# Data section

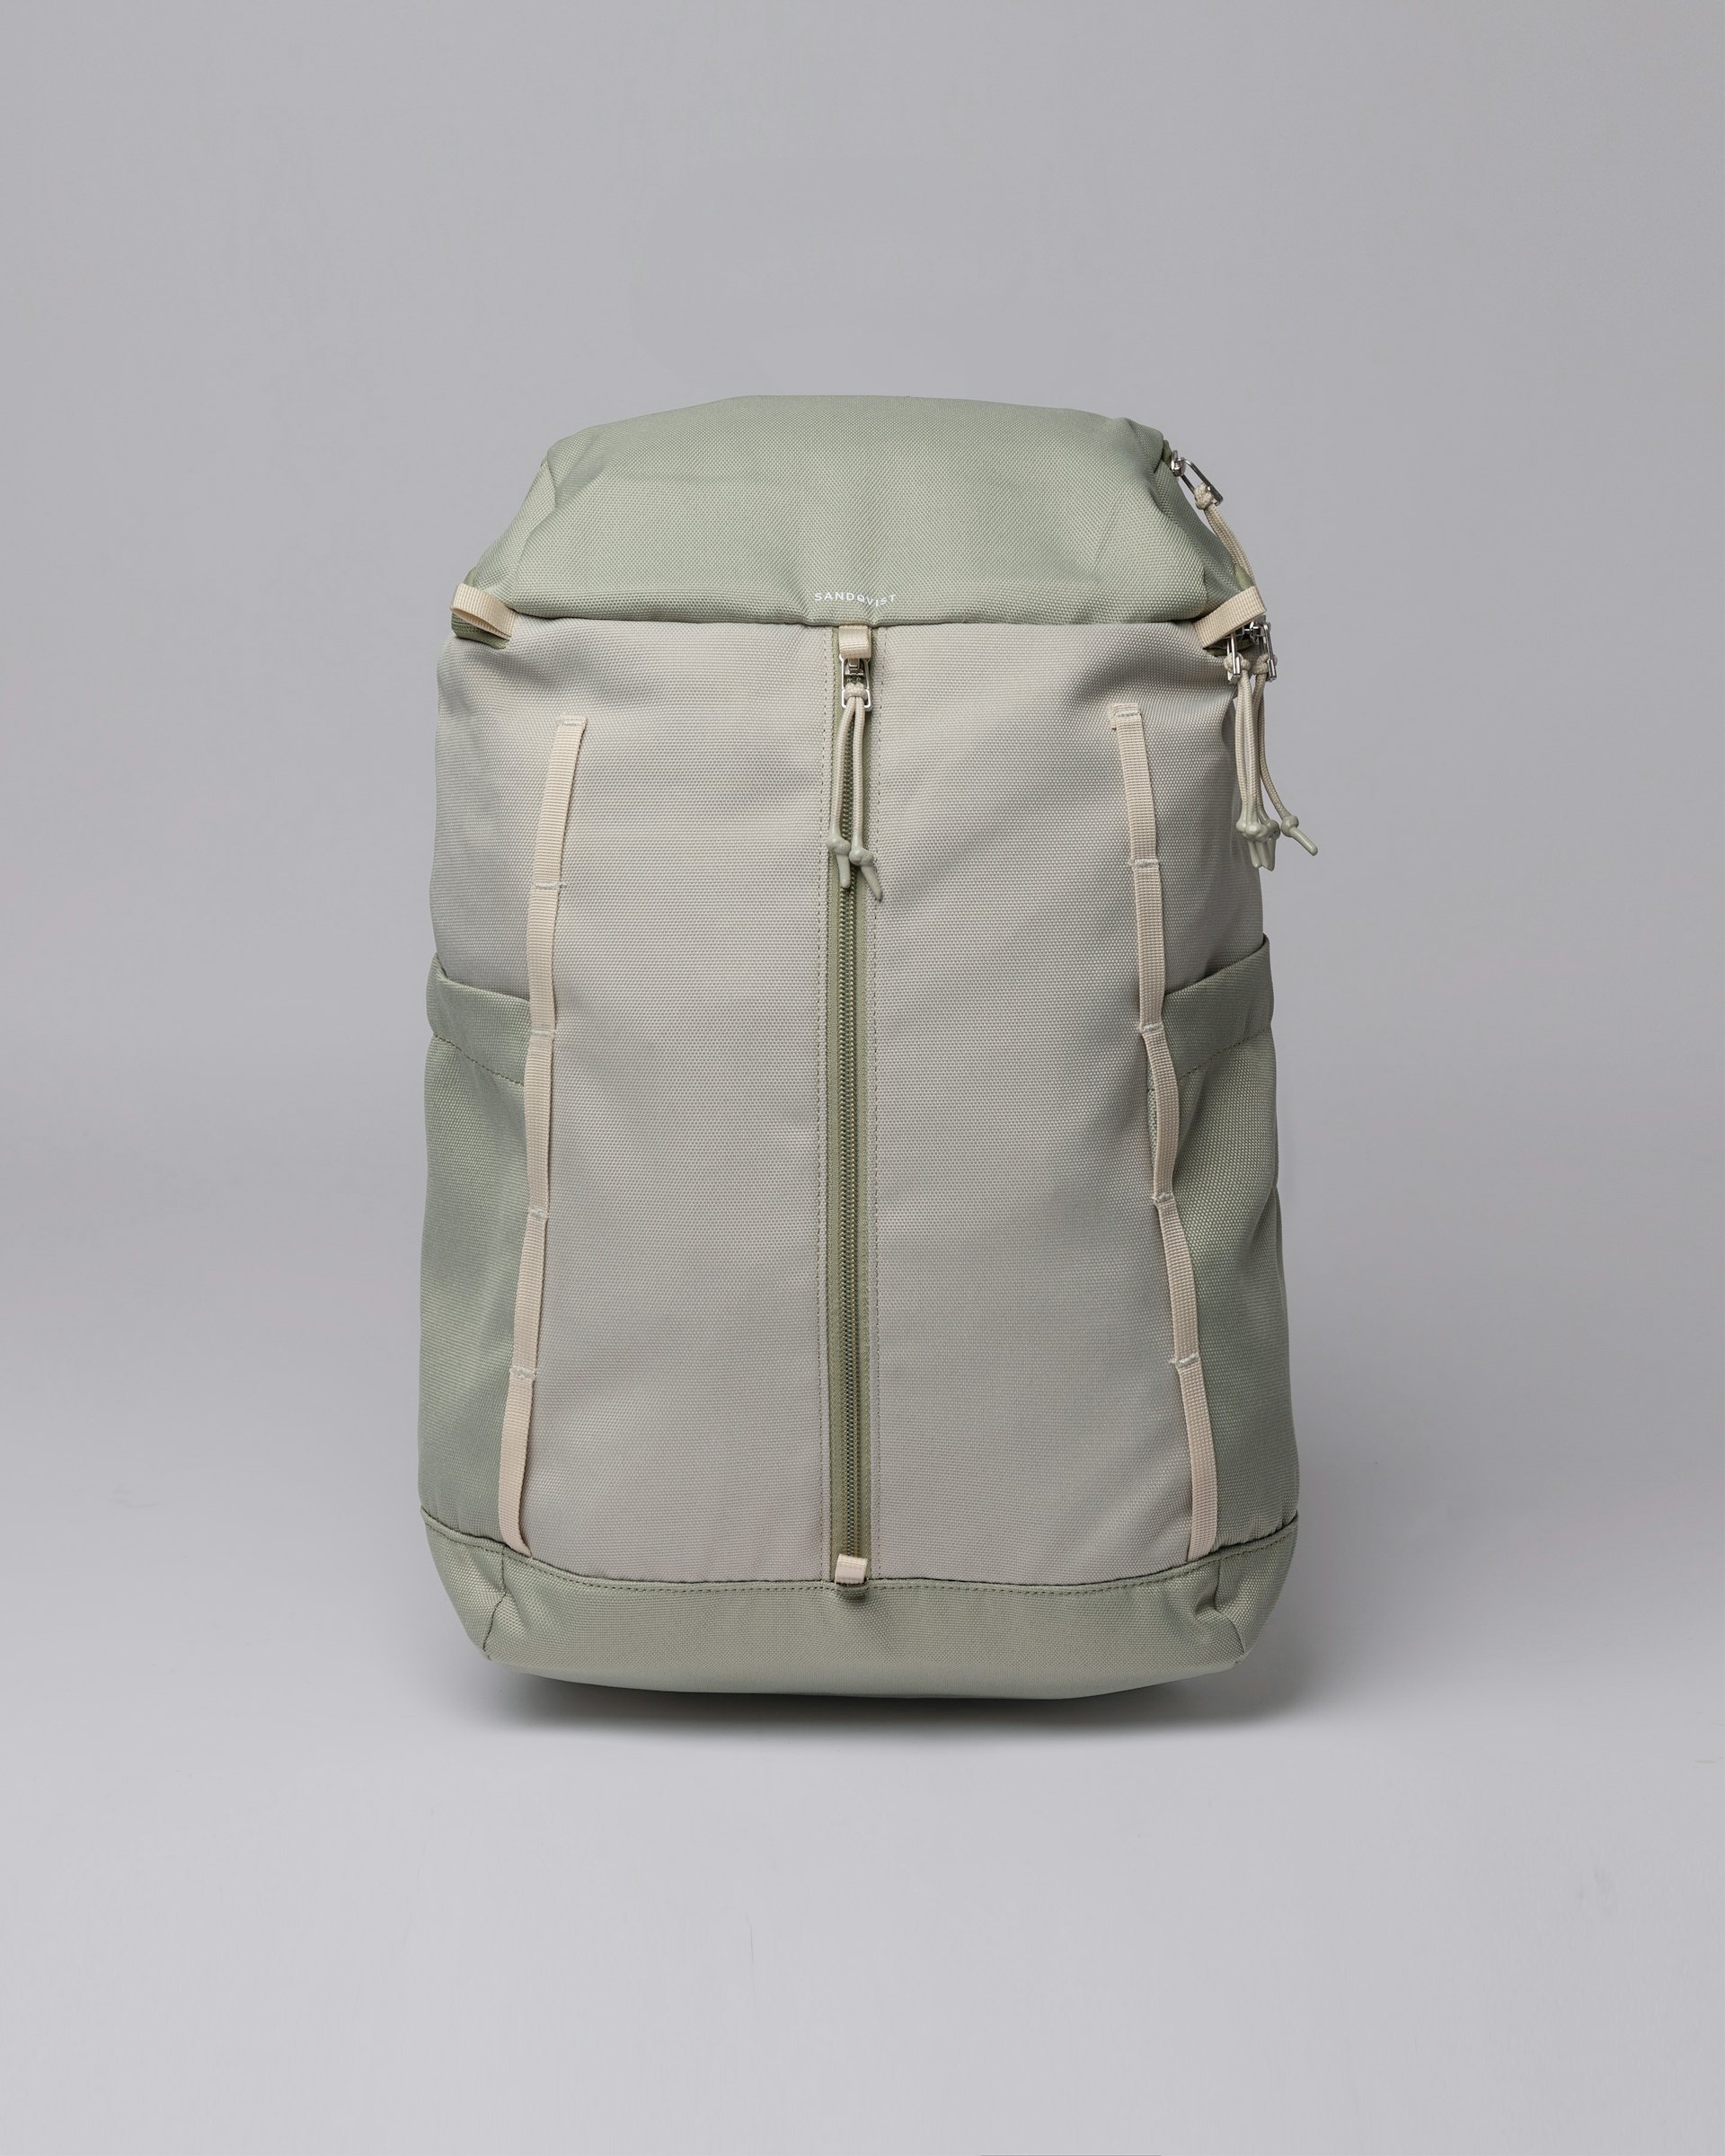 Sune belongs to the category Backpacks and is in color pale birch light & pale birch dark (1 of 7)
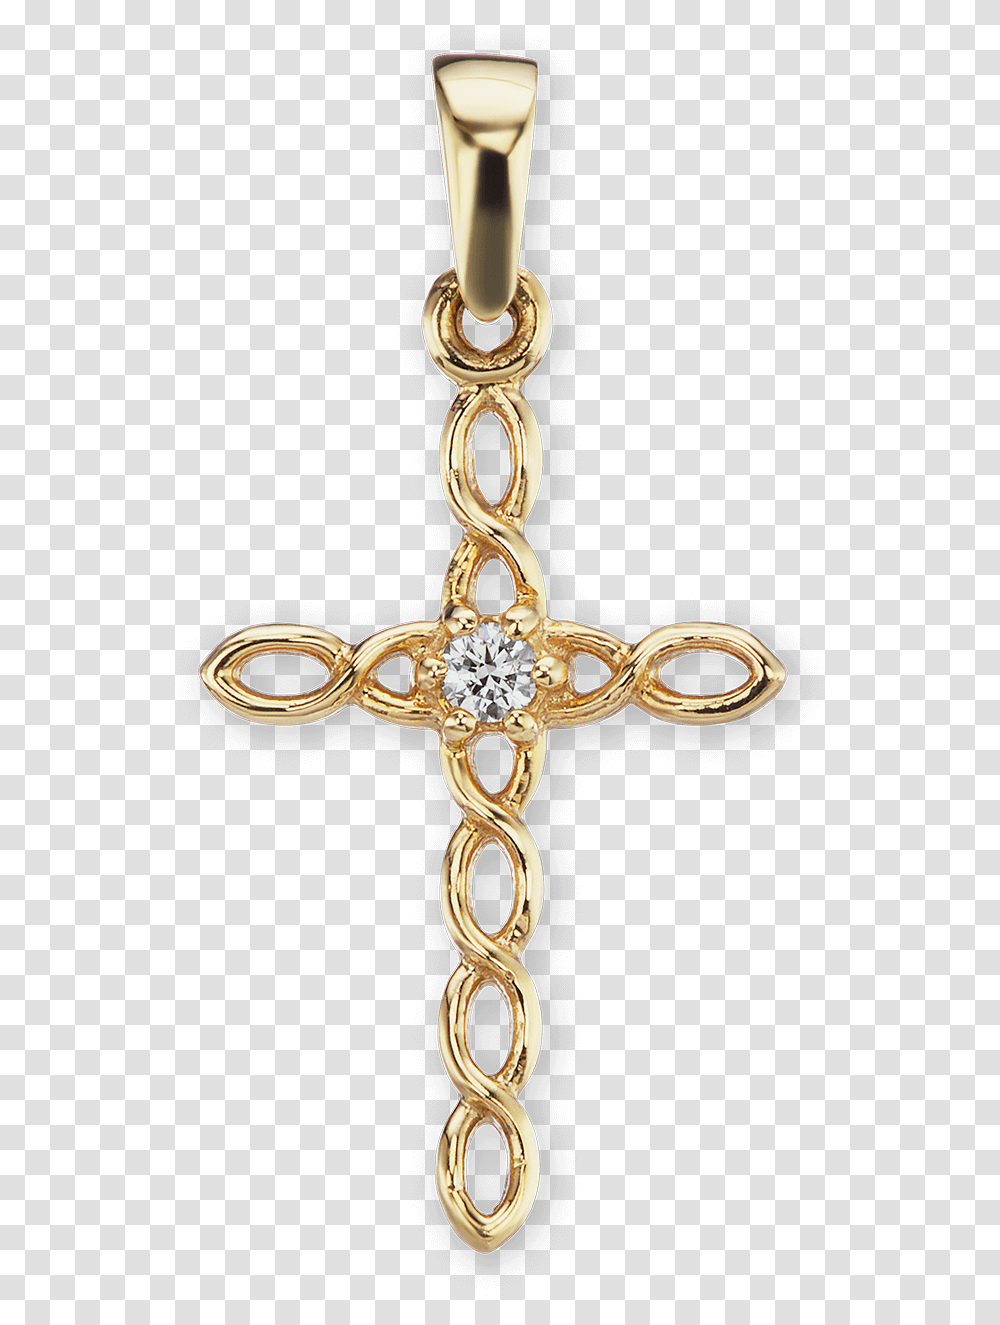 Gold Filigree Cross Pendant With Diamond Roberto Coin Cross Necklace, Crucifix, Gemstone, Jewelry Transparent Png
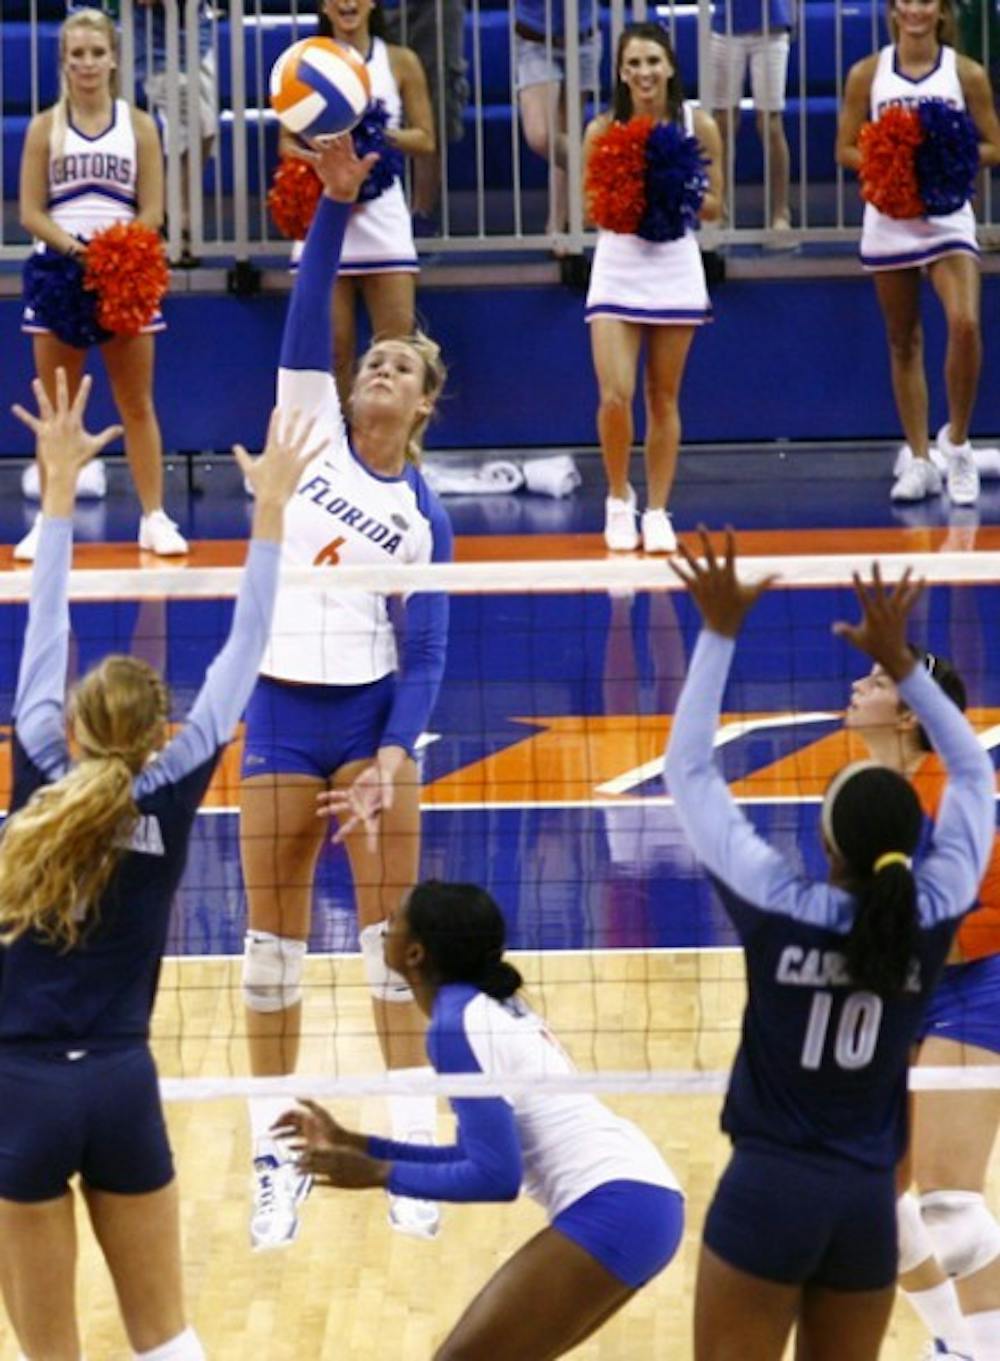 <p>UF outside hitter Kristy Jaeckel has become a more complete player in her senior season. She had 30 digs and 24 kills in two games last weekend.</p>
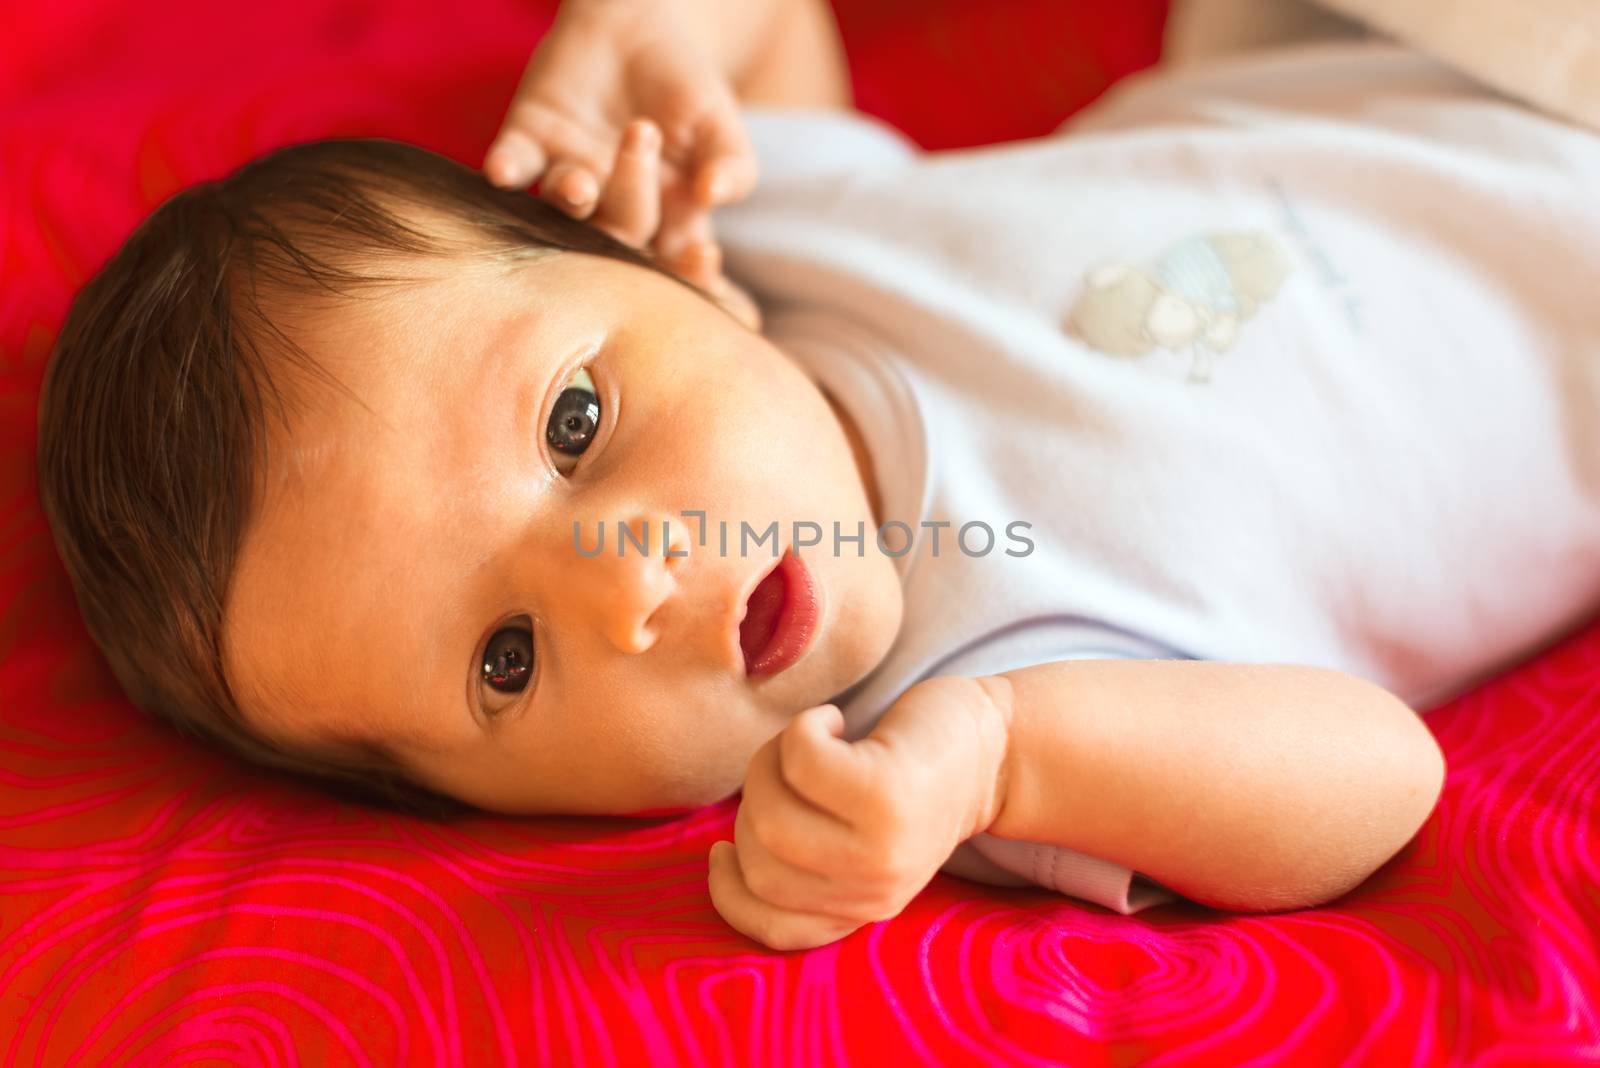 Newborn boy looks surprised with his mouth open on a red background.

# Work item
The line containing "Gold Filigree Cross" and every line after it, through the end of the material above, are to be printed exactly; no pictures belong in the output.

# Output for this task
 Gold Filigree Cross Pendant With Diamond Roberto Coin Cross Necklace, Crucifix, Gemstone, Jewelry Transparent Png
 <p>UF outside hitter Kristy Jaeckel has become a more complete player in her senior season. She had 30 digs and 24 kills in two games last weekend.</p>
 Newborn boy looks surprised with his mouth open on a red background.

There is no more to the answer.